Author: Qiao LIU ¹ ; Jiarui ZHANG ¹ ; Fuqin ZHANG ¹ ; Wei ZHANG ¹ ; Li GONG ²
Author Information

1. Department of Pathology, The Second Affiliated Hospital of Air Force Medical University, Xi'an 710038, China.
2. Department of Pathology, The Second Affiliated Hospital of Air Force Medical University, Xi'an 710038, China. *Corresponding author, E-mail: glzwd16@fmmu.edu.cn.
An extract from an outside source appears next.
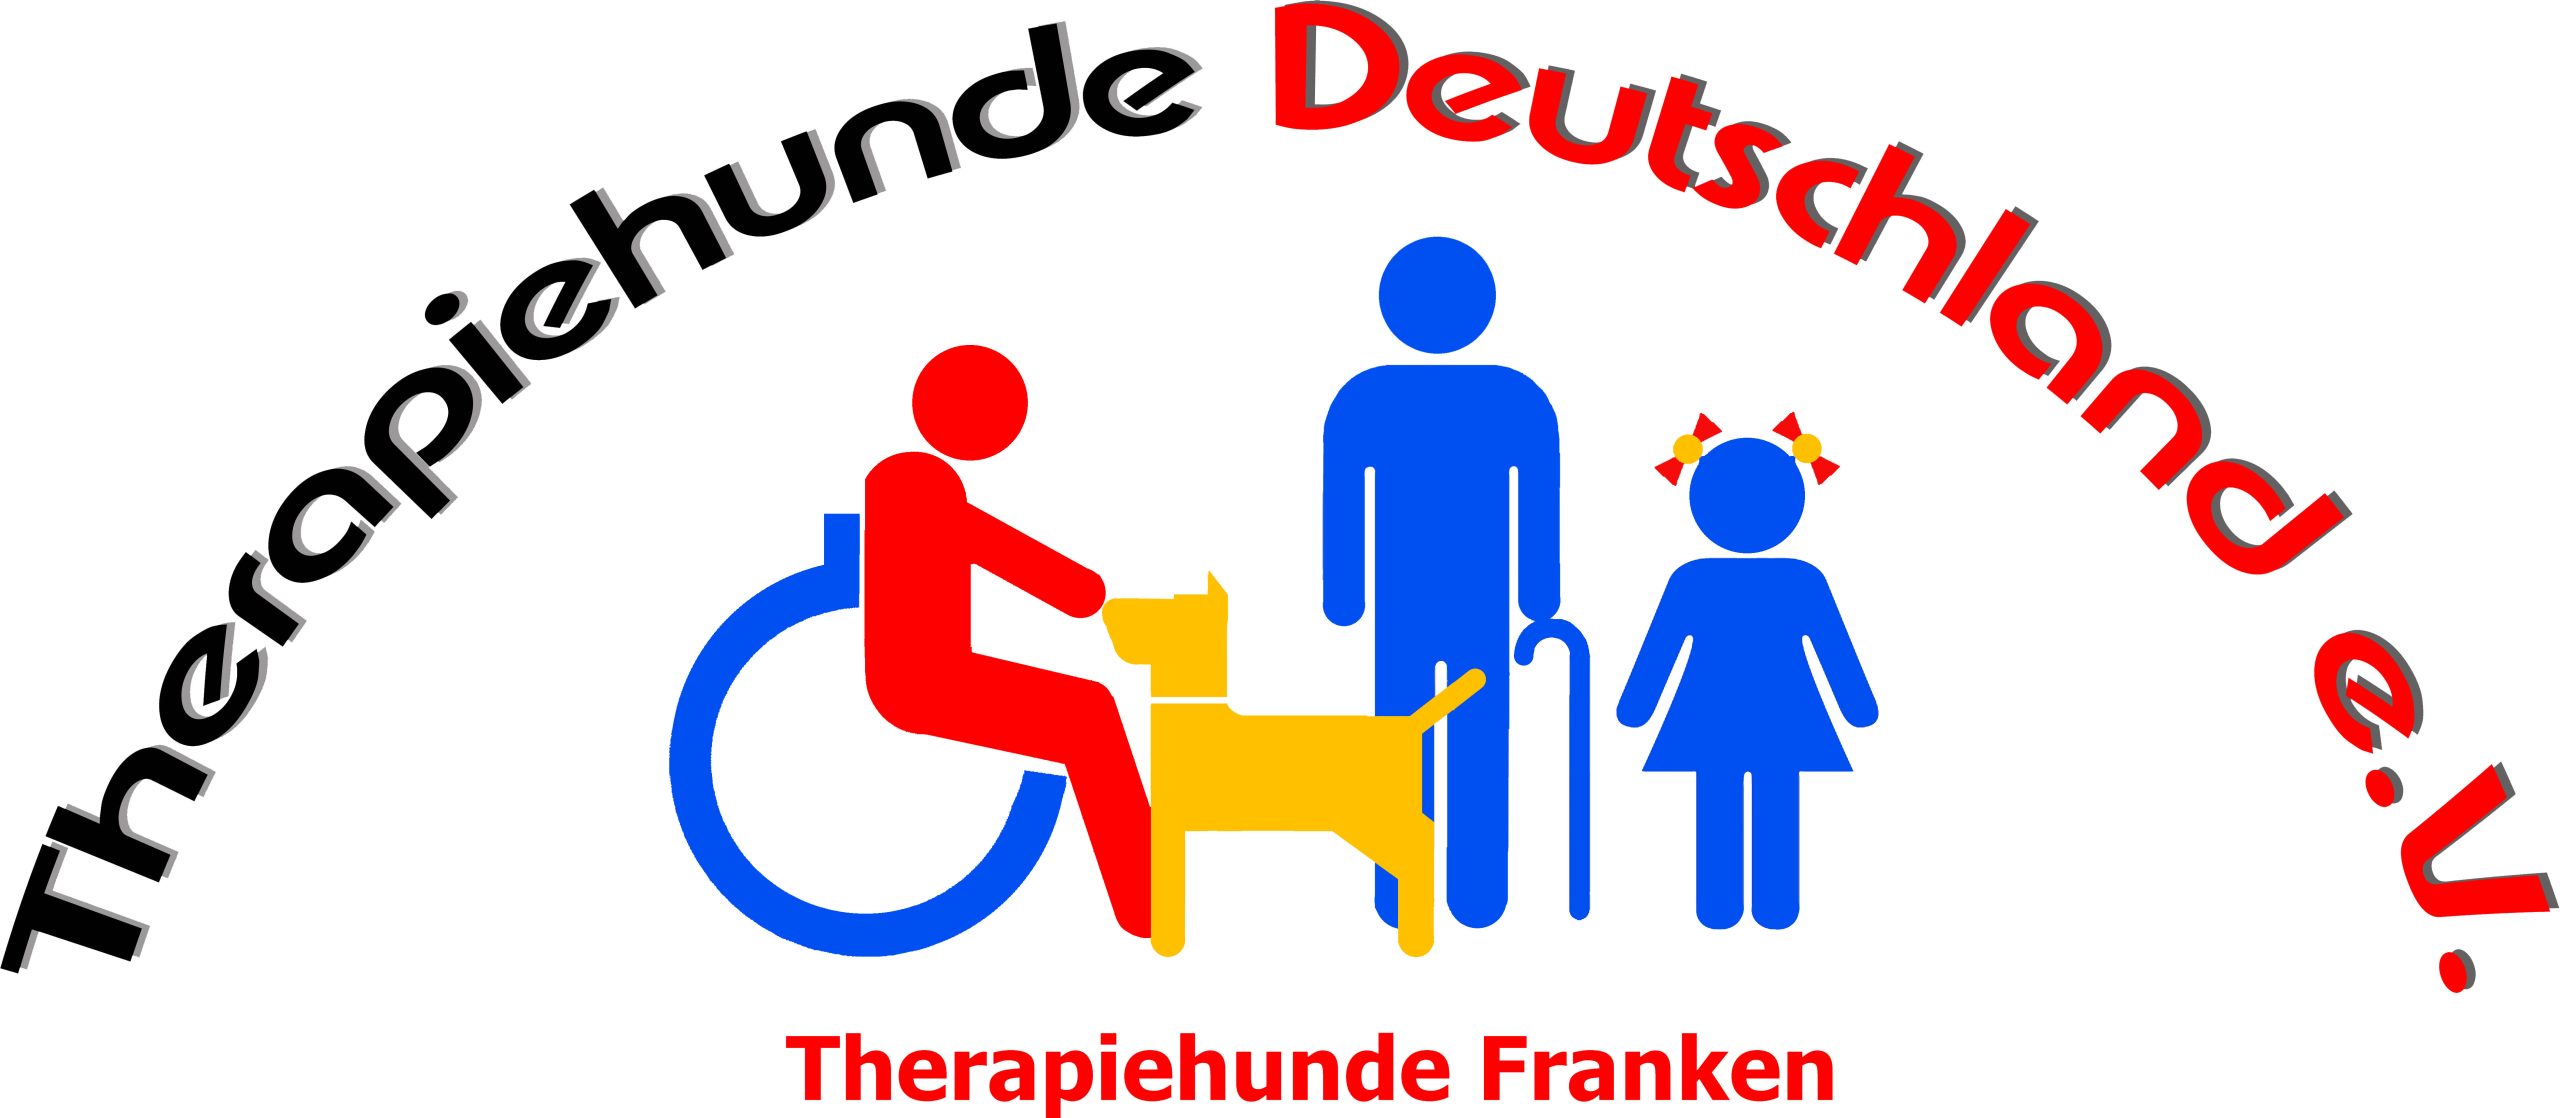 Therapiehunde Deutschland e.V.

Publication Type:Journal Article
MeSH: Humans; Prognosis; Glioma/genetics*; China; Gene Ontology; Immunoglobulin G; Tumor Microenvironment; Cell Adhesion Molecules
From: Chinese Journal of Cellular and Molecular Immunology 2023;39(8):686-692
CountryChina
Language:Chinese
Abstract: Objective To identify the possibility of IgG Fc binding protein (FCGBP) acting as a prognostic marker of low-grade glioma (LGG) and its correlation with immune infiltration. Methods The expression of FCGBP was analyzed in pan-cancer using The Cancer Genome Atlas (TCGA), Genotypic tissue expression (GTEX), and China Glioma Genome Atlas (CGGA) database. Then, GSE15824 and GSE68848 datasets were selected for further verification. And gene expression Profile Interaction analysis (GEPIA) database and R language were used to analyze the relationship between FCGBP and survival prognosis. Metascape and GSEA were used for functional annotation and enrichment analysis. Finally, the expression of FCGBP gene in LGG immune microenvironment and its correlation with immune cells were analyzed by TIMER database. Results FCGBP was highly expressed in LGG tissues, indicating poor prognosis of LGG patients. Receiver operating characteristic (ROC) curve analysis and COX analysis showed that FCGBP was an independent risk factor for the prognosis of LGG. Moreover, Gene Ontology (GO) demonstrated that FCGBP was involved in cell metabolism, localization, positive, and negative regulation of biological processes, as well as biological adhesion, response to viral and microbial stimulation, and inflammation. GSEA pathway enrichment analysis showed that FCGBP was significantly correlated with Janus kinase/signal transducer and activator of transcription (JAK/STAT) pathway, Toll-like receptor (TLR) pathway, chemokine pathway, and P53 pathway. In addition, FCGBP expression was positively correlated with the expression of most immune cells in the immune microenvironment of LGG. Conclusion The high expression of FCGBP in LGG is a risk factor for survival and prognosis, and it is positively correlated with the expression of immune cells.